It seemed unfair to me that schools would put kids with autism and other special needs in the same classroom as troubled, abused and abusive kids. Let’s just say that there was a lot of learned behavior from their peers and that this was not necessarily mutually beneficial.
However, and as all the parents were told, ‘with budget cuts, this is the best that we have to offer.’ Well, we really had no other choices ten years ago. You did what the courts told you to do and any deviations meant that ‘the wolves would come’.
Now, if I was stronger and had the means, I would have homeschooled my boys. However, this was not an option that I had as I had no means to live and no real alternatives. My hands were tied.
Anyway, the kids had a young, bright-eyed and sweet special needs teacher. When she first came into the program, she was optimistic, funny and sweet. However, by the end of that spring, I had seen her change. Her optimism for the children and their future had soon changed to ‘well, let’s just take this day-by-day’.
I had later heard that she had put in for a transfer not long after that. I felt sad for her and all of the kids. Despite the grim diagnosis for so many of them, the kids ended up loving her and not just a little bit either. Quite simply, they loved the ‘light’ that had shone from her.
Sadly, I witnessed her light slowly fading a bit each day. I believe that the teachers around her, and even the administration itself, were a big part of the problem. While she had started out with an upbeat ‘can-do’ attitude, they were already jaded by an over-stressed system.
In the spring of that year, she had called the parents to a conference to inform us that the program would now end. Afterwards, she took special time with me to show me around the classroom. She shared special things about each child without naming names. I could tell that her ‘can-do’ excitement and hope had almost faded away.
Me: “This was a brutal week at school. I heard that several of the children had been suspended for fighting. One of my boys had even been accidentally hit by another during a fight. There was quite a bit of name calling. I do not know how you do this.”
Teacher: “Oh yes, it is that time of year. Take the spring season, couple it with a full moon and then add in some beautiful, sunny days and you have a recipe for all kinds of trouble.”
Me: Laughing. “Wow, does that seriously really happen?”

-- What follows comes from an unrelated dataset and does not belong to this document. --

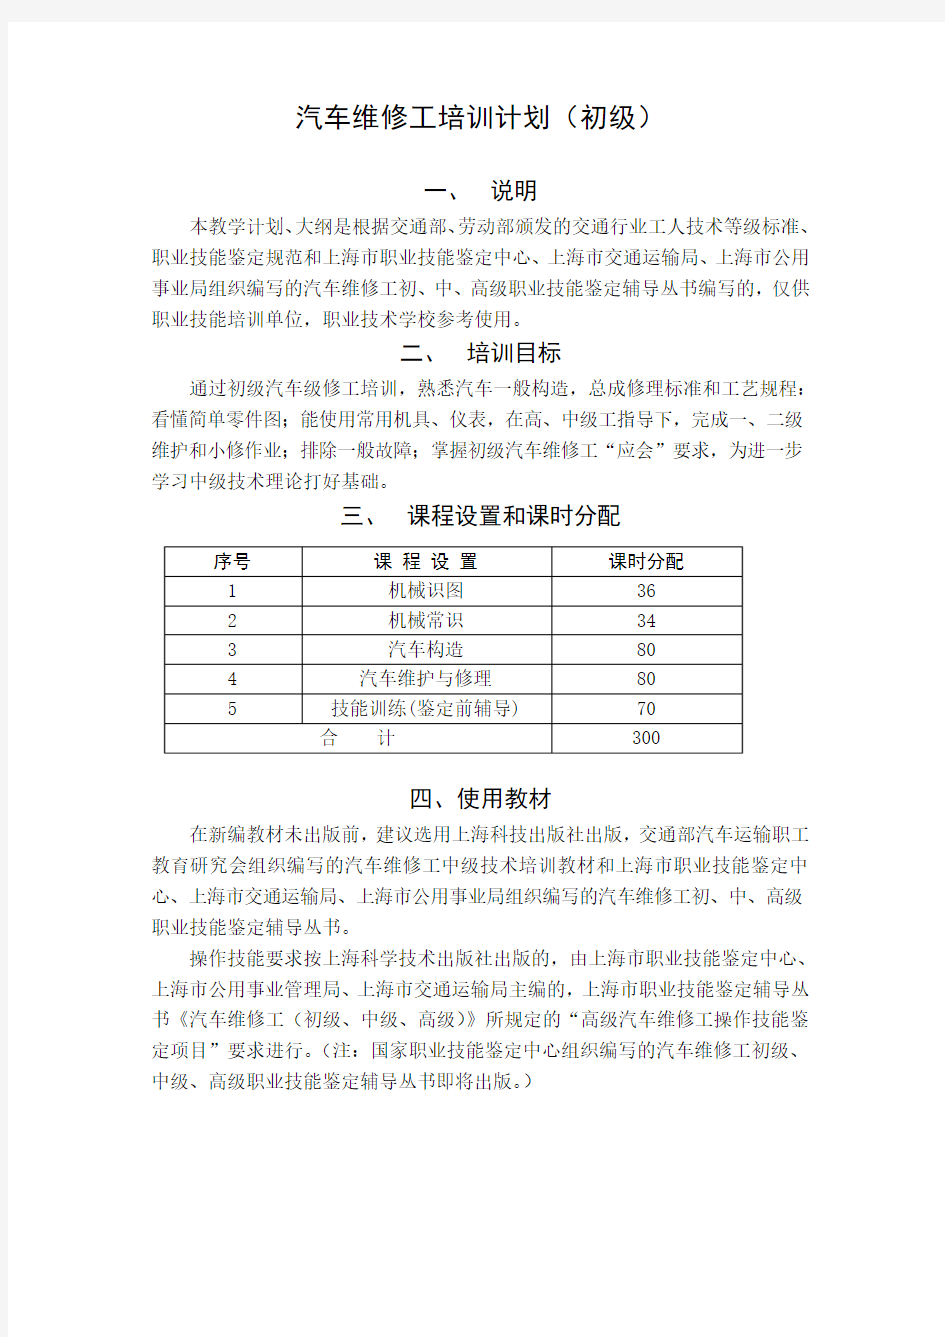 汽车维修工培训计划(初级) - 上海市人力资源社会保障网

Teacher: “Oh yes, but especially during spring time. Late spring is the worst for special needs and for others with ‘troubled souls’.”
Me: “Is this scientific?”
Teacher: “Well, studies have shown a correlation. While it may just be a desire to be outside as it gets nicer out, I think there is much more to this. I believe that they know that their usual daily routine has almost ended and that the uncertainty of summer is soon to begin. Most of these students do not have good summers.”
The teacher seemed noticeably sad as she spoke. I knew that there would be very little that I could say or do to comfort her at this point.

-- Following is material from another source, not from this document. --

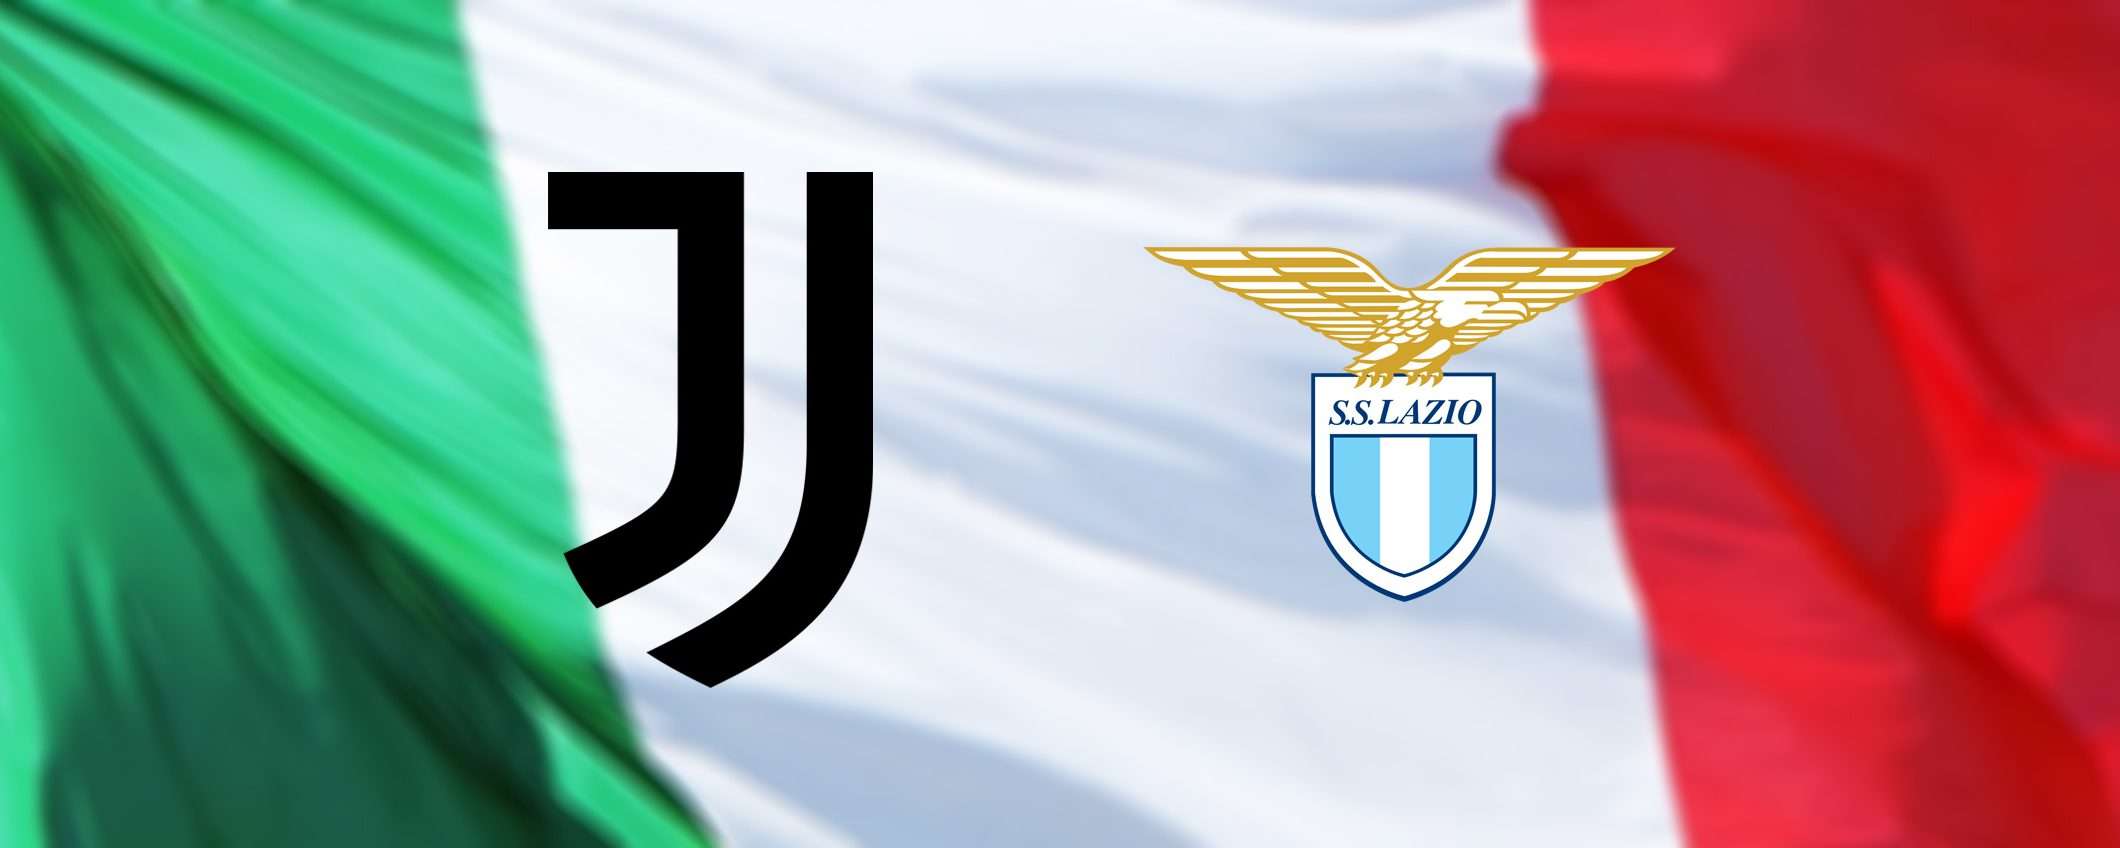 Coppa Italia: come vedere Juventus-Lazio in streaming

Me: “Thank you for all that you have done for my boys. My one son, though he is sometimes difficult for you, says wonderful things about you. This is very rare for him. He even told me that he loves you.” I smiled at her.
Teacher: Smiling. “Yes, your son is one special little guy. He does not allow anyone to pick on the other kids, but especially the ones with Down syndrome.” Laughing. “However, he just needs to report it instead of physically intervening.”
I nodded in agreement with her. Despite later passing this instruction on to my son, an incident soon occurred and my son was suspended for standing up for a Down syndrome child yet again later that very week. As someone was bullying the Down child, my son decided to stand in between them to try and stop it.
The bully then proceeded to call my son names and was punching and shoving him. This boy then said some rather derogatory comments to him and then punched him hard enough to bruise him. At this point, a fight ensued and my son was then found guilty by association.
After this, I had been called down to the center to speak with the director of the center. When I arrived, I looked into the room where my son was and he was now drawing pictures with some crayons. He looked relaxed and as if nothing had happened.
Director: “We spoke to witnesses and know that your son was just sticking up for one of the Down children. However, my hands are tied as he still got physical with the other boy. While this is a formality, the rules indicate that your son will not be able to come to the lake with the other kids next week.”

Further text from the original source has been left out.